不審に思ってお姉さんが引き返して救急車を呼んだということだった。

「先輩は、ここにちゃんといるんですよねぃ」

山崎は、俺たちみたいに魂が抜けてしまうのは極まれだというような言い方をしていた。
ということは、先輩も多分この身体の中に眠っているんだろう。

殺してなかった。

俺は、先輩を、殺してしまっていなかった。


「うー」

俺はぼすんと先輩の白いシーツの胸に顔を埋めた。

「すいやせん先輩。
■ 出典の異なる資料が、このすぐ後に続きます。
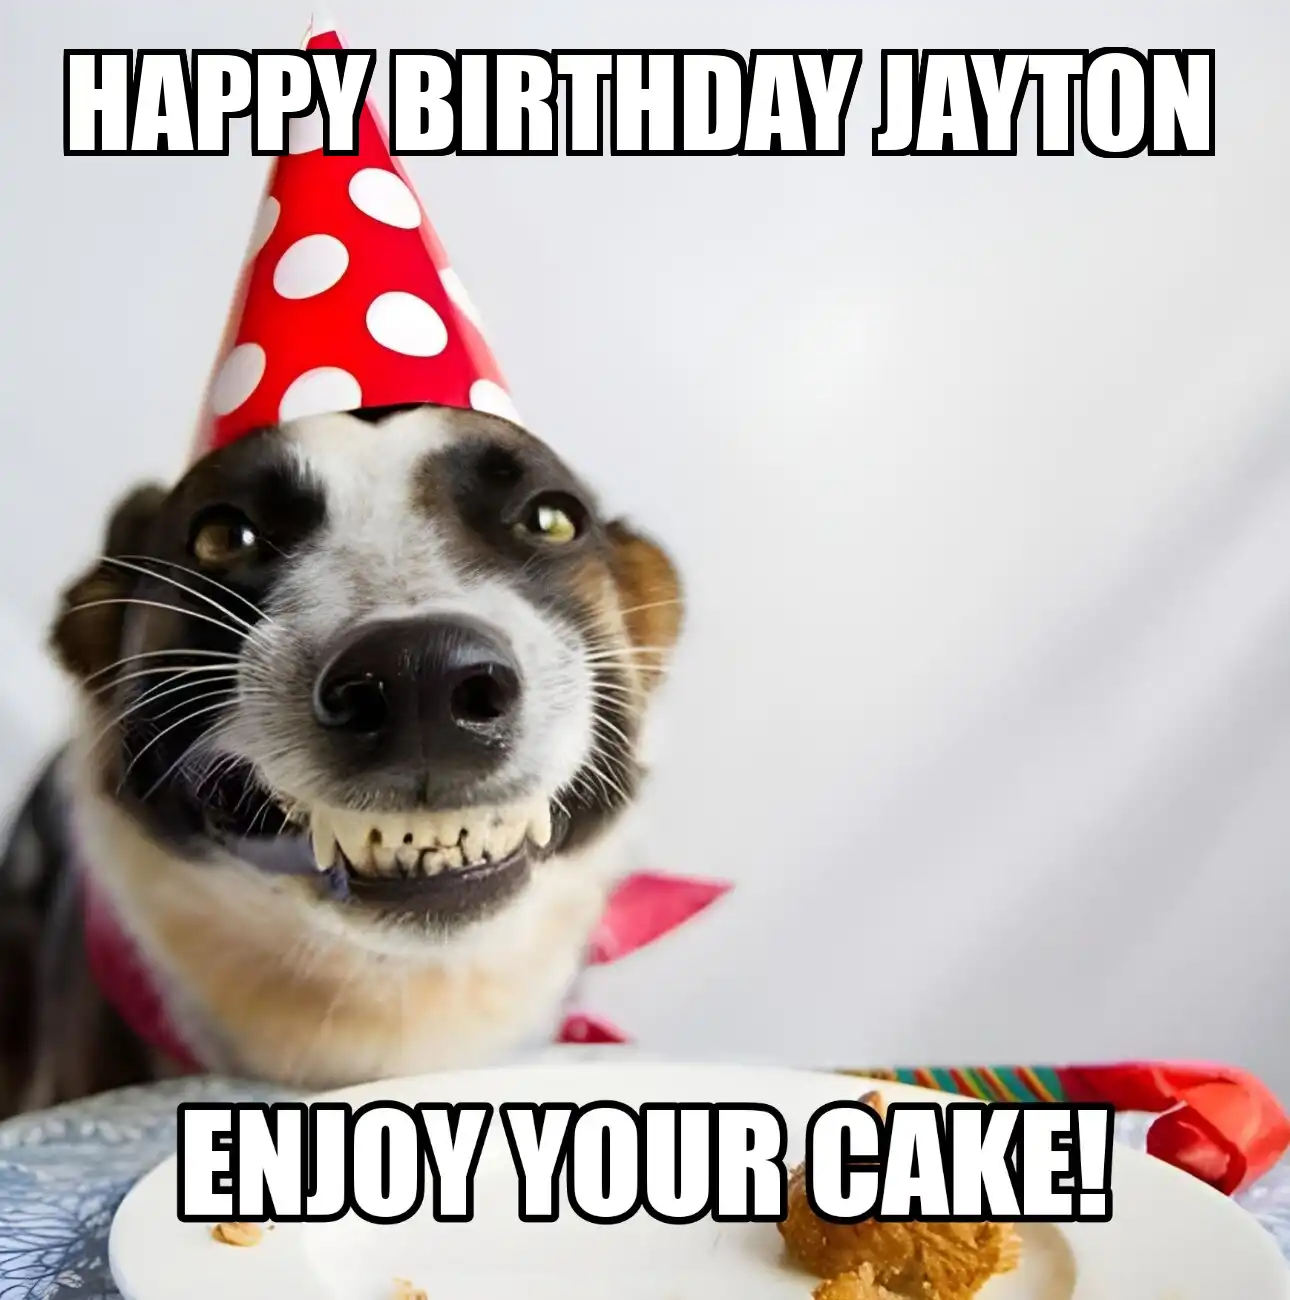 Happy Birthday Jayton Enjoy Your Cake Dog Meme

・・・ひでえことして、すいやせん」

シーツに手を入れて、先輩の指を握る。
柔らかく意思を持たないその指は、俺がぎゅうっと握っても、握り返してくれることはない。
でも、生きている。

俺も先輩も。

山崎の言っていたことは結局全部嘘だったのだ。
山崎は、本当に俺を殺そうとしていたんだろうか。
身体が先に死んでしまったら、もうどこへも行けないって言っていた。

ただ孤独で、仲間がほしかった山崎。
でも、俺の酸素が奪われて、そんなにすぐに病院のスタッフが飛んでくるなんてことがあるだろうか。
先輩もおんなじ。
先輩自身は意識がなかったってのに、一体誰が先輩のケータイからお姉さんに連絡するんだ。

はじめから山崎は俺を自分と同じ世界に引きずり込む気なんてなかったし、先輩を殺す気もなかった。
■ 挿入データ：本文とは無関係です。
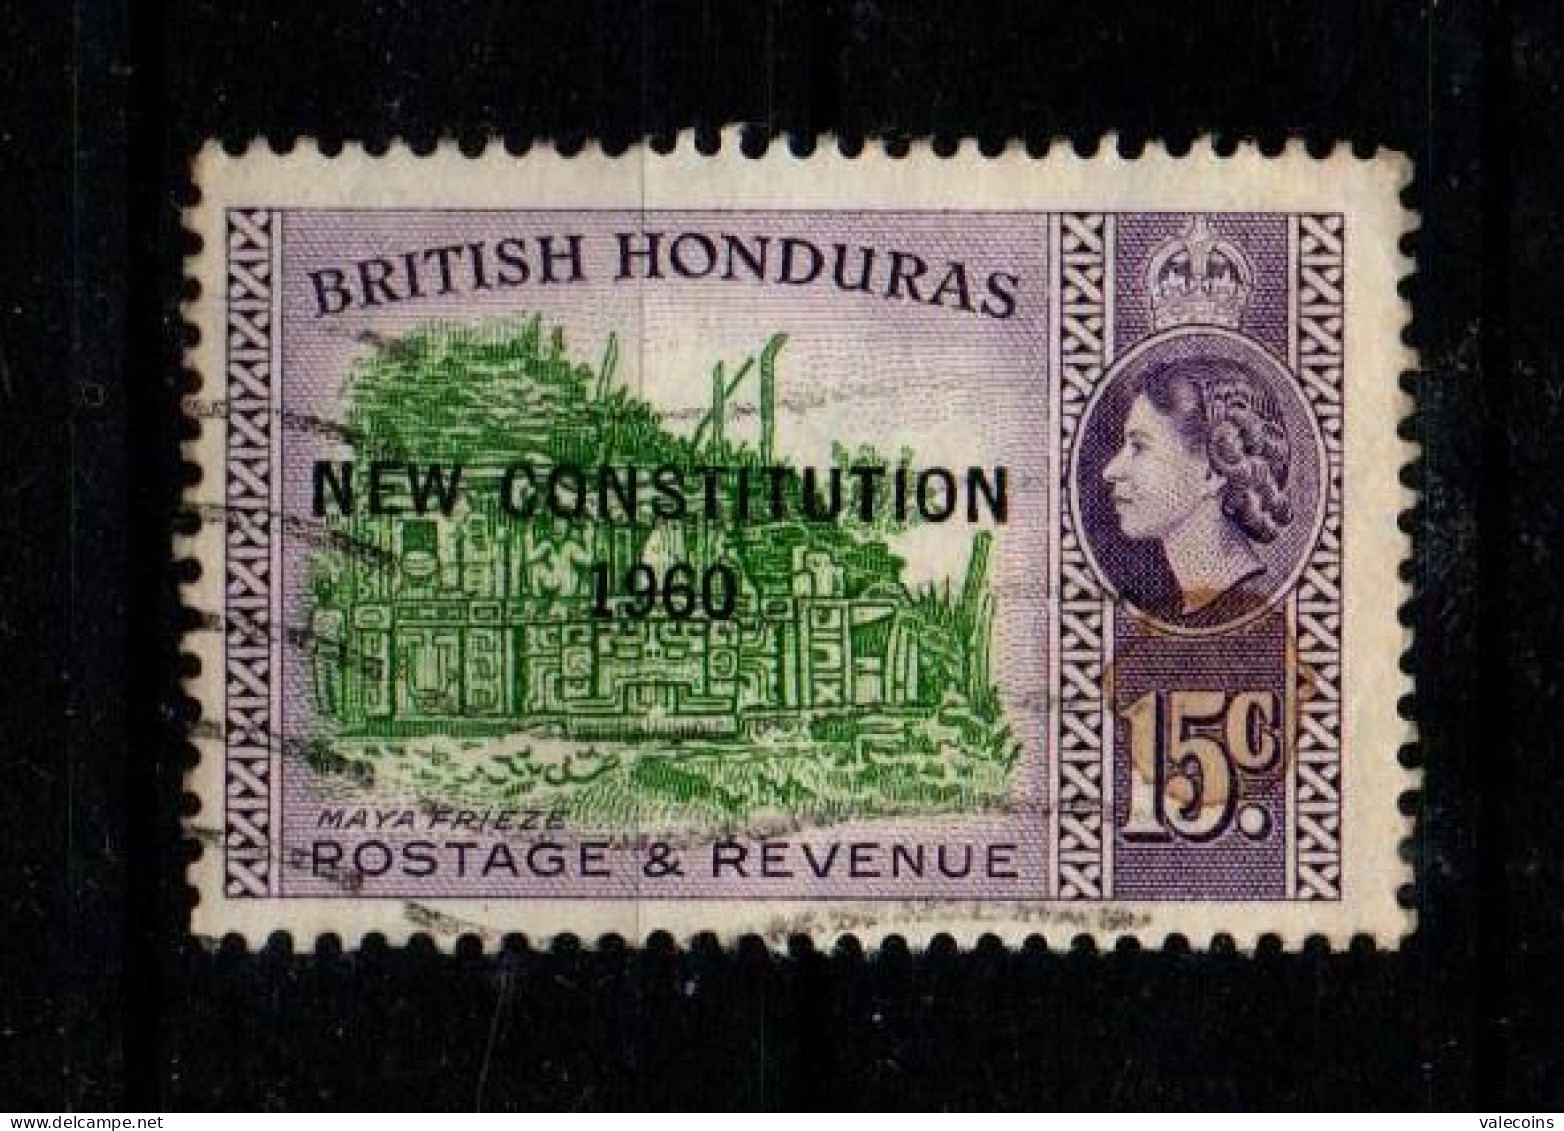 BRITISH HONDURAS (BELIZE) - 1961 - 15 Cent - New Constitution 1960 - Queen Elizabewth II - Used Stamp         MyRef:L - Honduras Britannico (...-1970)

俺は退院してすぐに学校へ戻ったけど、山崎なんてやつはいなかったし、誰も知らなかった。
ふと思い立って、うちの学校の昔の卒業アルバムを漁ってみたら、27年も前の卒業生に山崎がいた。
正確には、集合写真の右上に、だけど。


ずっと寂しかったんだろう。
そしてこれからもずっと。


先輩は身体の中に入っているだろうけど、山崎はきっとまだこの辺りのどこかにいるんだろう。

ごめんな。
俺はそっち行けねえ。

だけど、お前がいるってことだけは、ちゃんと覚えてるから。
ぜってえ忘れねえから。

山崎のことを考えていたら、喉の奥がひくりと鳴った。
「先輩」

起きてくだせえよ。

起きて。

浮気性でもなんでもいいから。


「起きねえとまた至近距離からどてっぱらに一発ボール叩きこみやすぜ」

じっと、先輩のわりとお行儀の良い鼻のてっぺんを眺めながらそう言った。


その瞬間、シーツの中で握りしめている先輩の指が、ぴくりと動いた。